Why you shouldn’t show your capabilities too early

It was 1988 when Neil Rackham dedicated a chapter of his ‘Spin Selling’ book to this topic.

Even if it was almost 3 decades ago and lot of things changed, it’s always good to remind why demonstrate your products’ capabilities too early can kill your sale.

In a complex sale, presenting your capabilities too soon doesn’t lead to any success.

Especially today, when customers have access to most of the information they need, this one way approach is not useful anymore.

Better to say: if it didn’t work 30 years ago, why should it work nowadays?

The problem is that presenting a solution without understanding a need or a situation puts your potential customers in a strange position:

Decide if it will fit their needs or not in an undefined future.

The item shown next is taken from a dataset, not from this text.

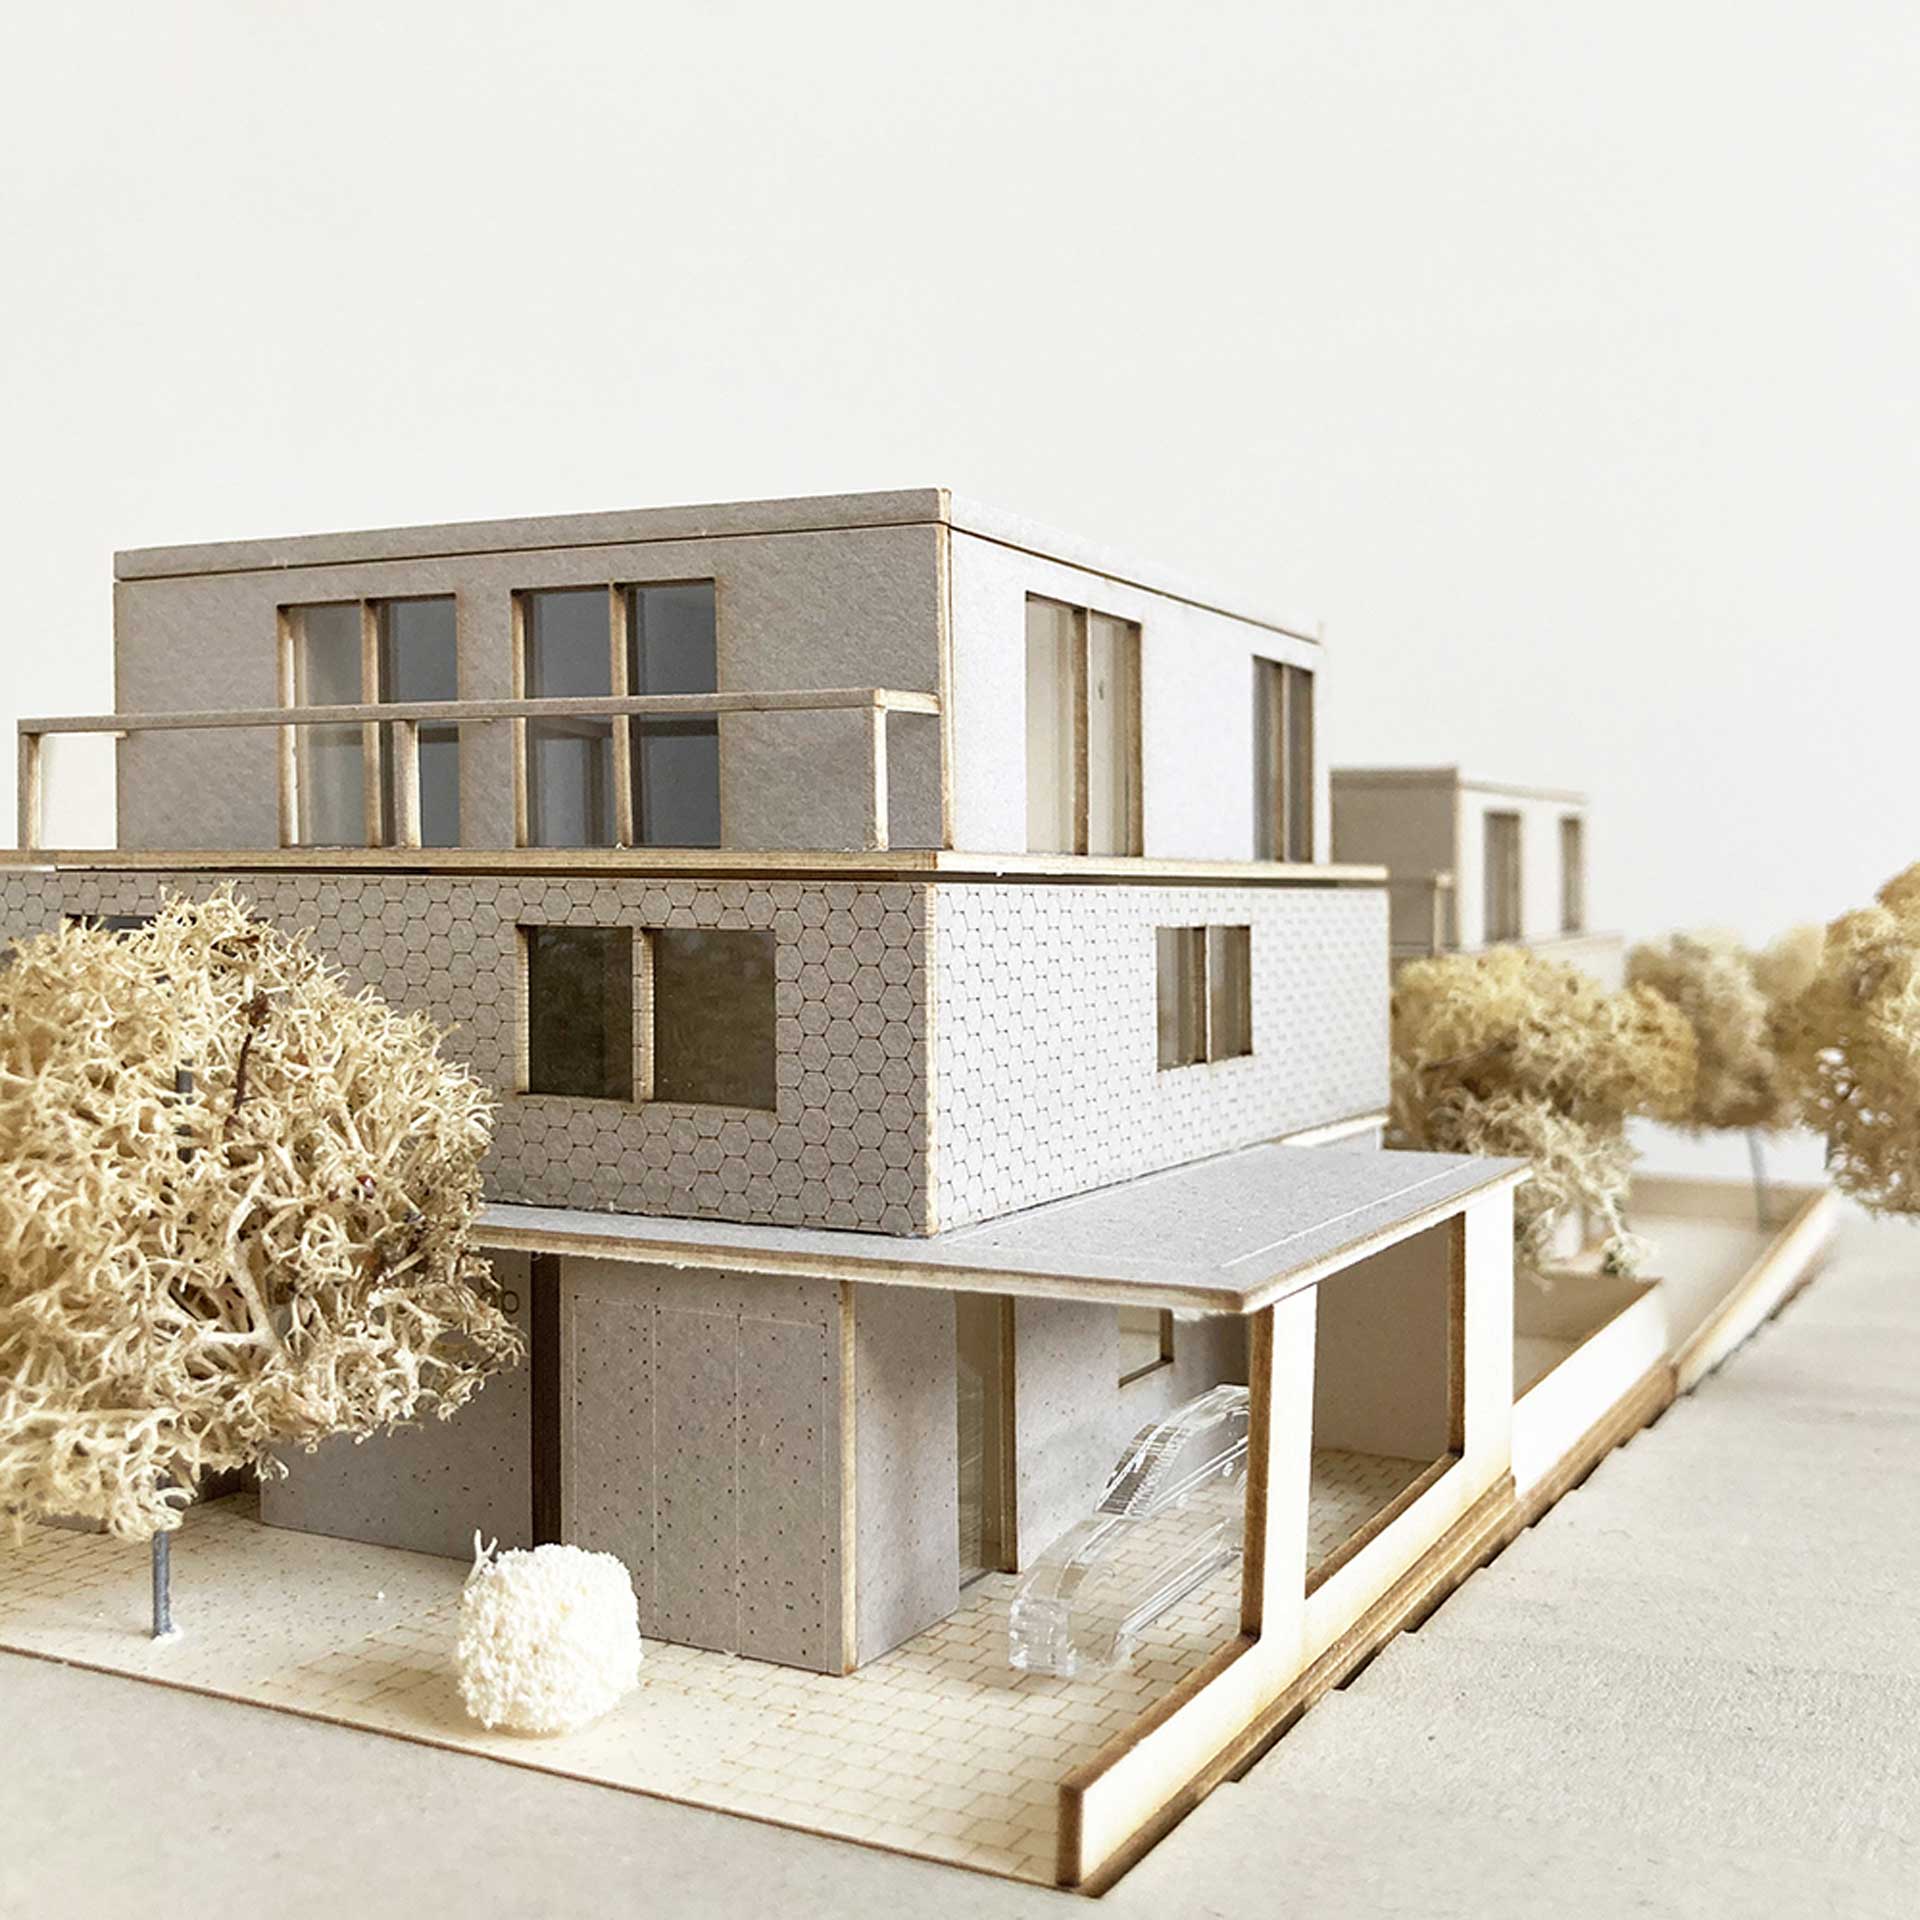 Holzbau, Architektur, Nachhaltigkeit, Bauen, Neubau, Einfamilienhaus, Doppelhaus, Modell, Architekturmodell

This behaviour leads to several consequences:

  1. You waste your time
  2. You kill the value of your product / service
  3. You are not aligned with your customer.

It’s like you and your customer speak two different languages.

Even if there is a potential interest, you’re killing it with a one way communication that may be perceived as vanity.

Worst of all, there is one long-term consequence that shouldn’t be underestimated:

You will be never aligned to your customer.

The reason is easy: when you deliver a presentation based on what you can do now, you fix your features and benefits in a determined time frame.

You fix them in the ‘Now’.

The first problem is that your ‘Now’ is not your customers’ ‘Now’, if you don’t understand what he needs.

So you’re misaligned in the present.

The second one is that ‘Now’ is perfect for a transactional purchase, but not for a complex sale that aims to establish a long business relationship.

The main purpose of a complex sale is selling ‘Now’ for selling ‘Later’.

So you will be misaligned in the future too.

Your customer will always remember you as the supplier who knows how to do those things, because he did those things for these customers… but unfortunately he didn’t need all these things at that time.

But maybe he will call you when and if he will need.

The problem is that he doesn’t know why to call you.

He doesn’t know what kind of needs you can understand and what kind of problem you can solve because you spoke of everything except of him.

When you don’t understand the actual customers’ needs and try to anticipate the future ones, your presentation is not anchored to a need but to a time frame, to a ‘Now’.

But large customers buy ‘Now’ to anticipate the future.

And if you’re a ‘Now’ supplier, you’ll never be one of his choices.